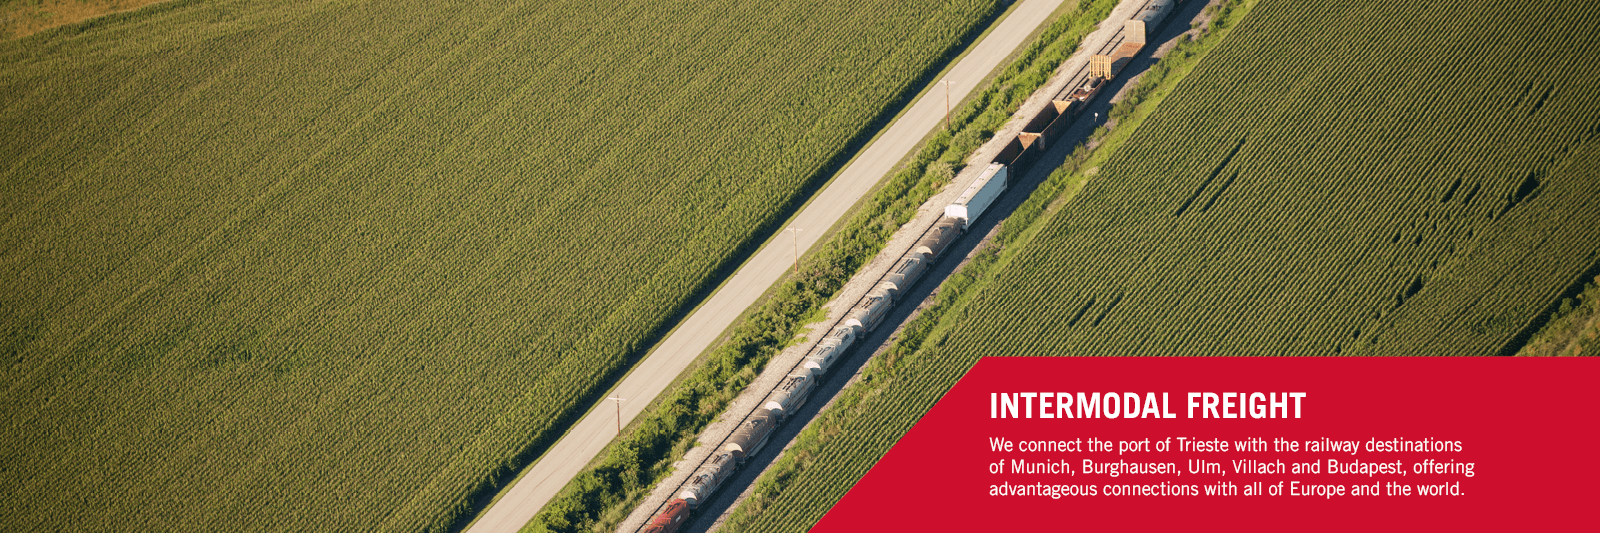 Intermodal Freight 1
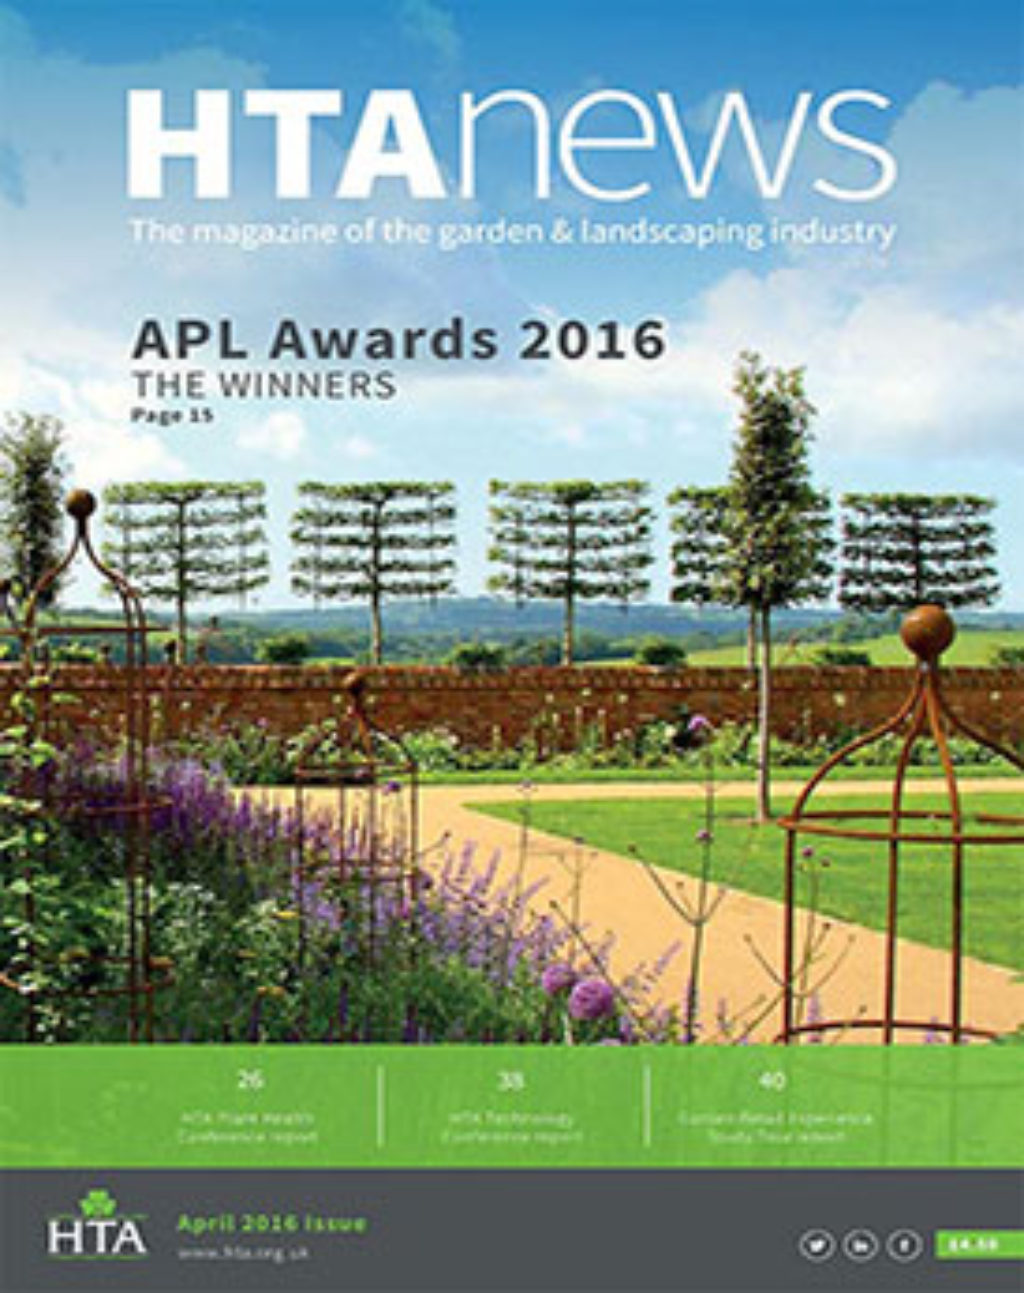 HTA News April 2016
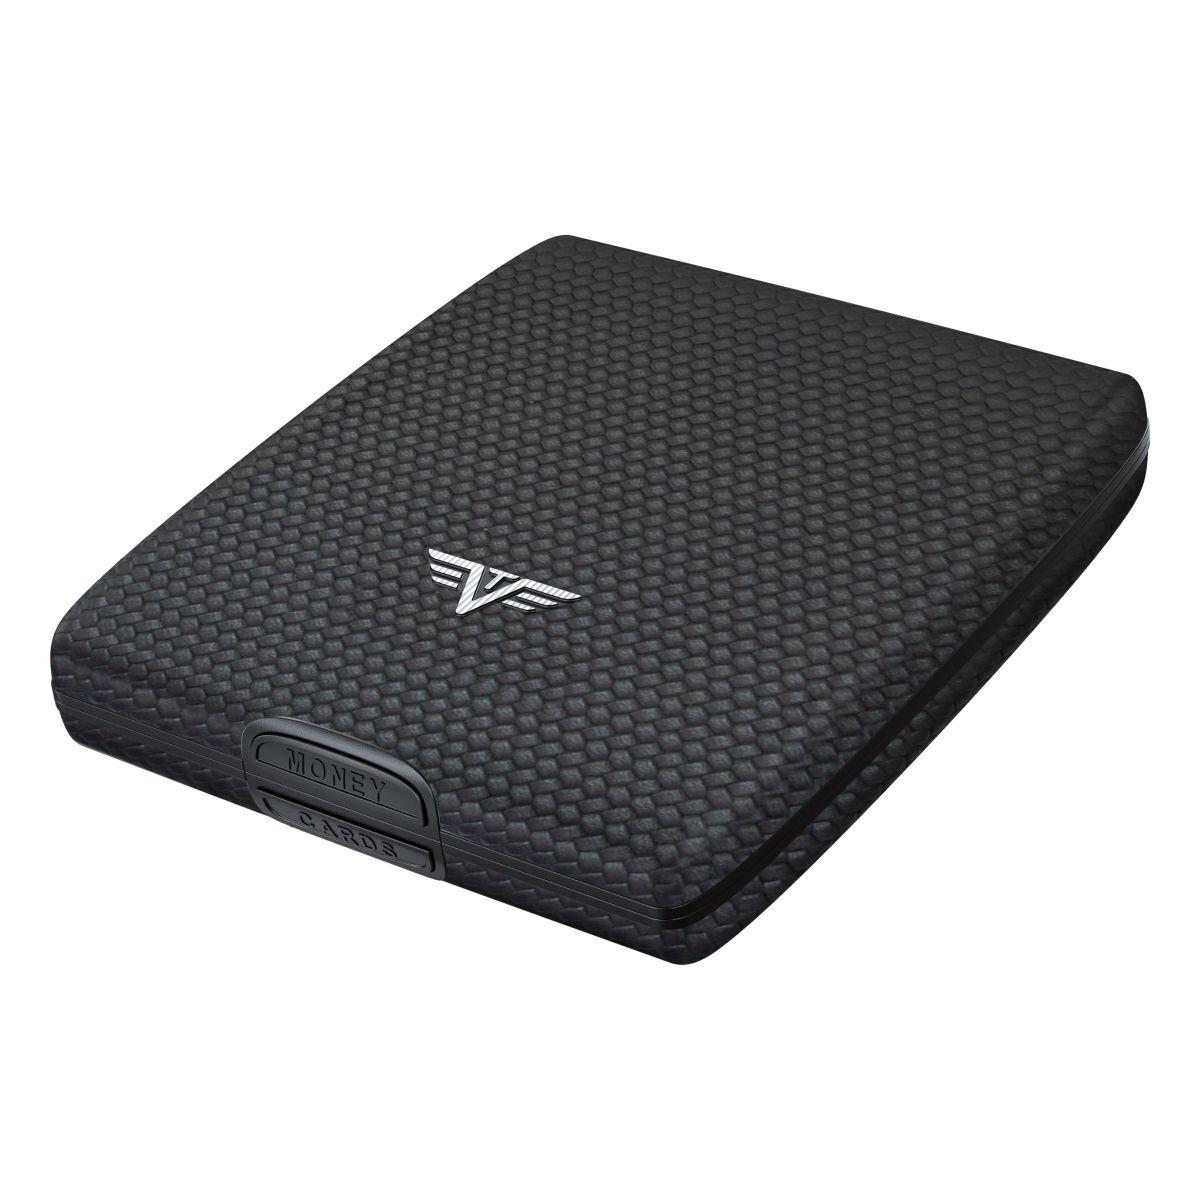 TRU VIRTU Aluminum Wallet Beluga - Money & Cards - Leather Line - Carbon Black

Task: Please give all of the material again, exactly, without the images.

Result of the task:
 Intermodal Freight 1
 HTA News April 2016
 TRU VIRTU Aluminum Wallet Beluga - Money & Cards - Leather Line - Carbon Black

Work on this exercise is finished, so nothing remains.